Некоторые – Крейгер, генерал Блимп, Петерсены – пытались уклониться от работы, которую они считали унизительной для их ранга и положения, тем более что на шлюпке было достаточно «черных рук». Но Петров оказался неумолимым, и, к вящему удовольствию африканцев, белые – «полубоги» – бок о бок с ними должны были взмахивать тяжелыми веслами. Однако результат этих усилий был ничтожным: перегруженная шлюпка едва продвигалась вперед. К вечеру люди окончательно выбились из сил. Стало ясно, что, если штиль не прекратится, их ждет медленная смерть: через два дня иссякнет запас воды. И тогда…
Утро шестого дня не принесло облегчения. Солнце встало над безжизненной, мертвой гладью океана. Штиль продолжался. Петров, чтобы подать пример, первым взялся за весла и усиленно греб две смены.
В числе гребцов третьей смены был ирландский священник Дюланти. Когда ему протянули весло, случилось страшное…
Дюланти смолоду был чудаком. Его ум, экзальтированный и легко возбудимый, никогда не отличался устойчивостью. Тяжелые потрясения последних дней вконец расшатали его душевное равновесие, затмили рассудок.
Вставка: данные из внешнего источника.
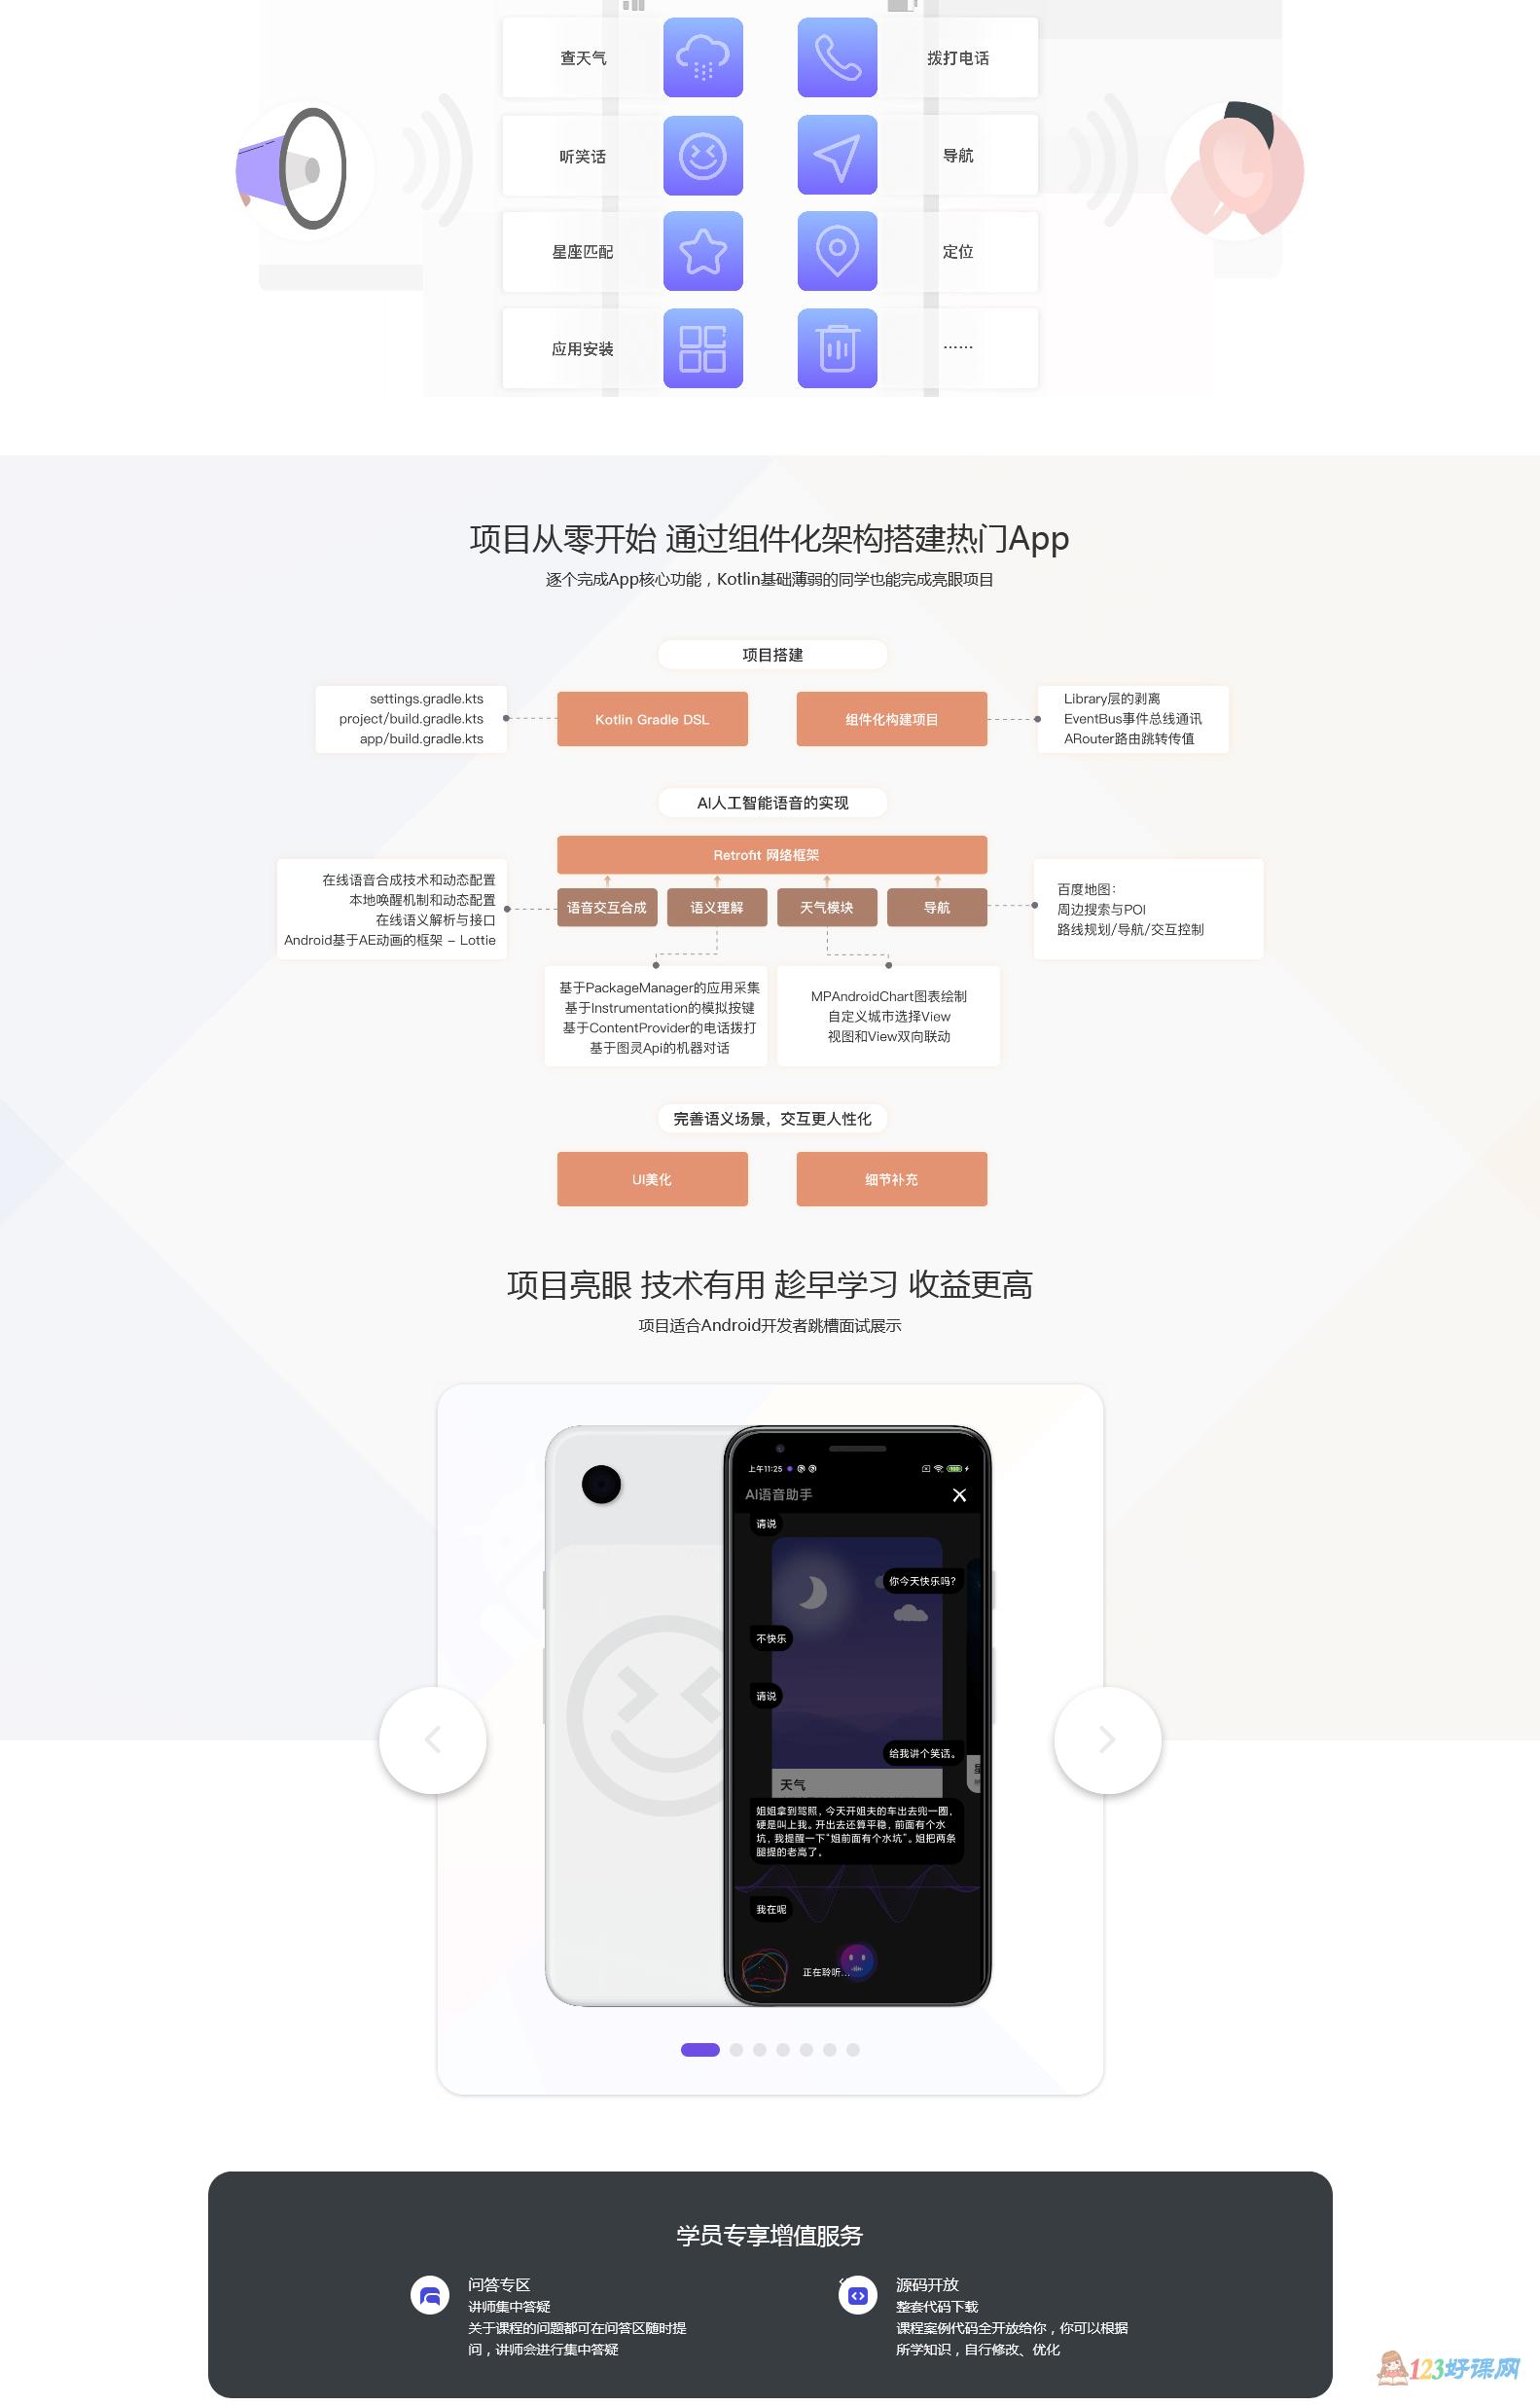 Kotlin+组件化 打造自己的AI语音助手App 带你解锁语音交互技能包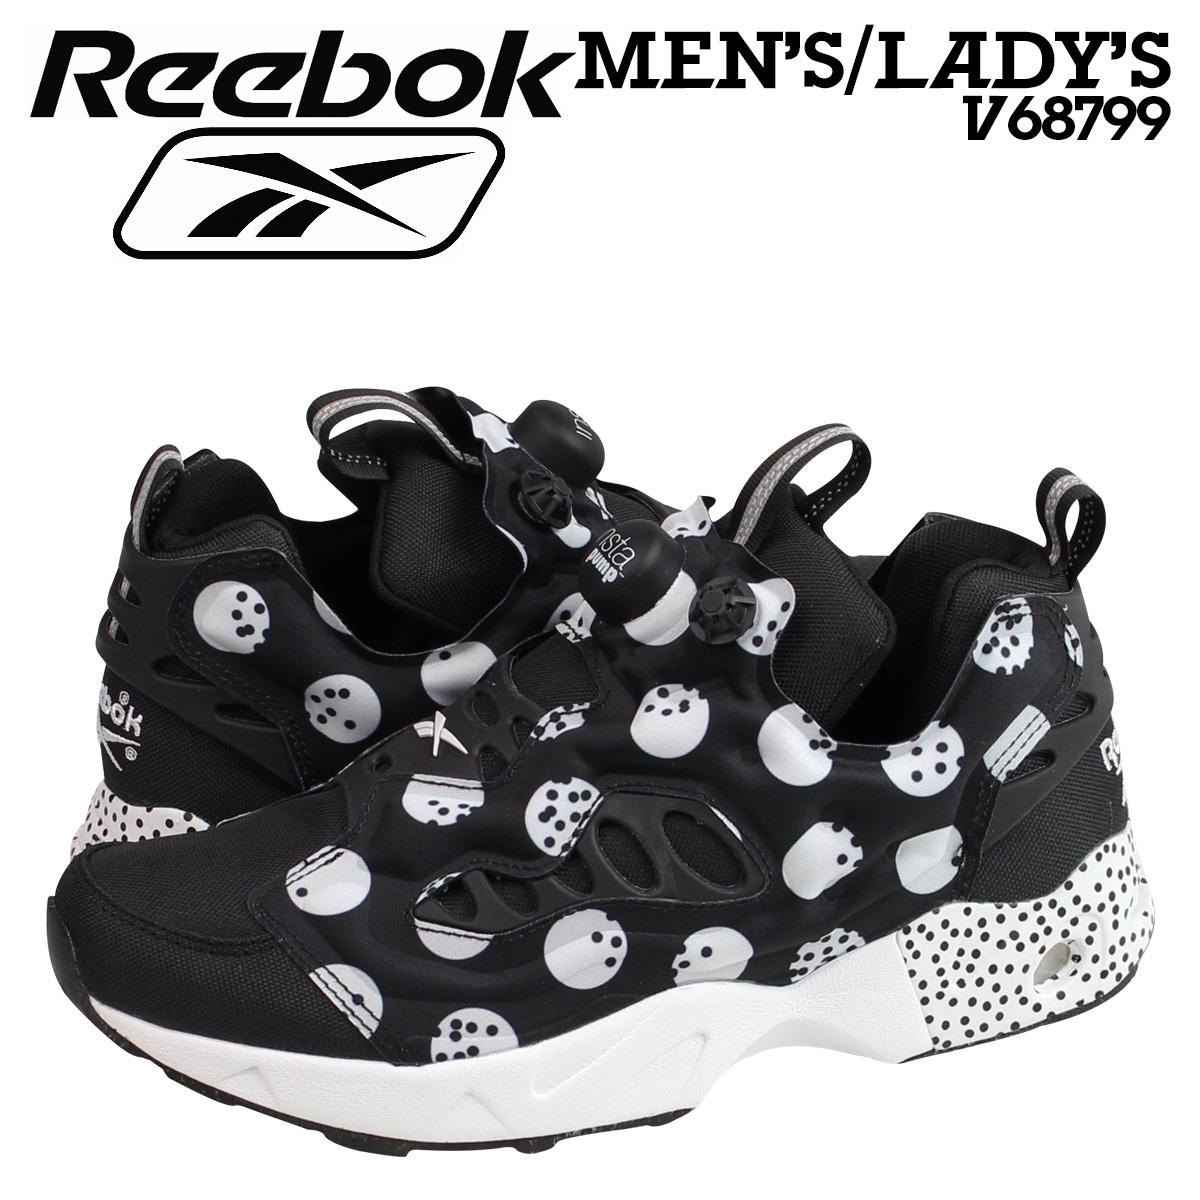 锐步锐步 insta 泵愤怒运动鞋 INSTAPUMP 愤怒道 SG V68799 男式女式鞋黑色

Священник впал в состояние исступленной, мрачной восторженности, без конца шептал – вел разговоры с самим господом богом. И теперь, когда Таволато окликнул его, он вдруг вскочил и, страстно простирая вперед руки, воскликнул:
– Это ты, мой Иисус, мой спаситель! Я вижу тебя!..
Глаза Дюланти расширились и загорелись. В них билось безумие. Перегнувшись вперед, точно всматриваясь во что-то, видимое ему одному, Дюланти громовым голосом продолжал:
– Ты зовешь меня к себе! Ты сотворишь чудо – я пойду по водам, как ходил ты! О, я иду к тебе, господи!..
С этими словами Дюланти вытянул руки вперед и выскочил из шлюпки.
Вода булькнула и расступилась. Тело священника исчезло в глубине. Несколько минут спустя полоса крови выступила на морской глади, и тяжелый хвост акулы гулко шлепнул по воде. В оцепенении и ужасе смотрели тридцать четыре пары глаз на расходящиеся по воде круги.
Гибель Дюланти – первая смерть среди пассажиров шлюпки – грозно напомнила, что эта страшная гостья с косой стоит у каждого за плечами, кружит здесь рядом, высматривая следующую жертву.
Утром седьмого дня, после раздачи воды, Петров объявил:
– Осталось только еще на одну выдачу…
Все опустили головы, боясь взглянуть в глаза друг другу. Долго ни единый звук не нарушал тягостного молчания.
Через час будто волшебная палочка коснулась всех. Население шлюпки зашевелилось. Выпрямились согнутые спины, поднялись Головы, кто-то встал, ловя пересохшим ртом воздух. С юга потянуло свежестью, над океаном дул чуть заметный, шелковый ветерок. Моментально были поставлены оба паруса. С помощью некоторых остроумных приспособлений, придуманных Максвеллом и Потаповым, быстро поставили третий парус. Три пары гребцов, сменяясь каждый час, сидели на веслах, подгоняя лодку ослабевшими руками. Шлюпка двигалась медленно – слишком слаб был ветерок, но ее пассажирам казалось, будто она чайкой несется по волнам.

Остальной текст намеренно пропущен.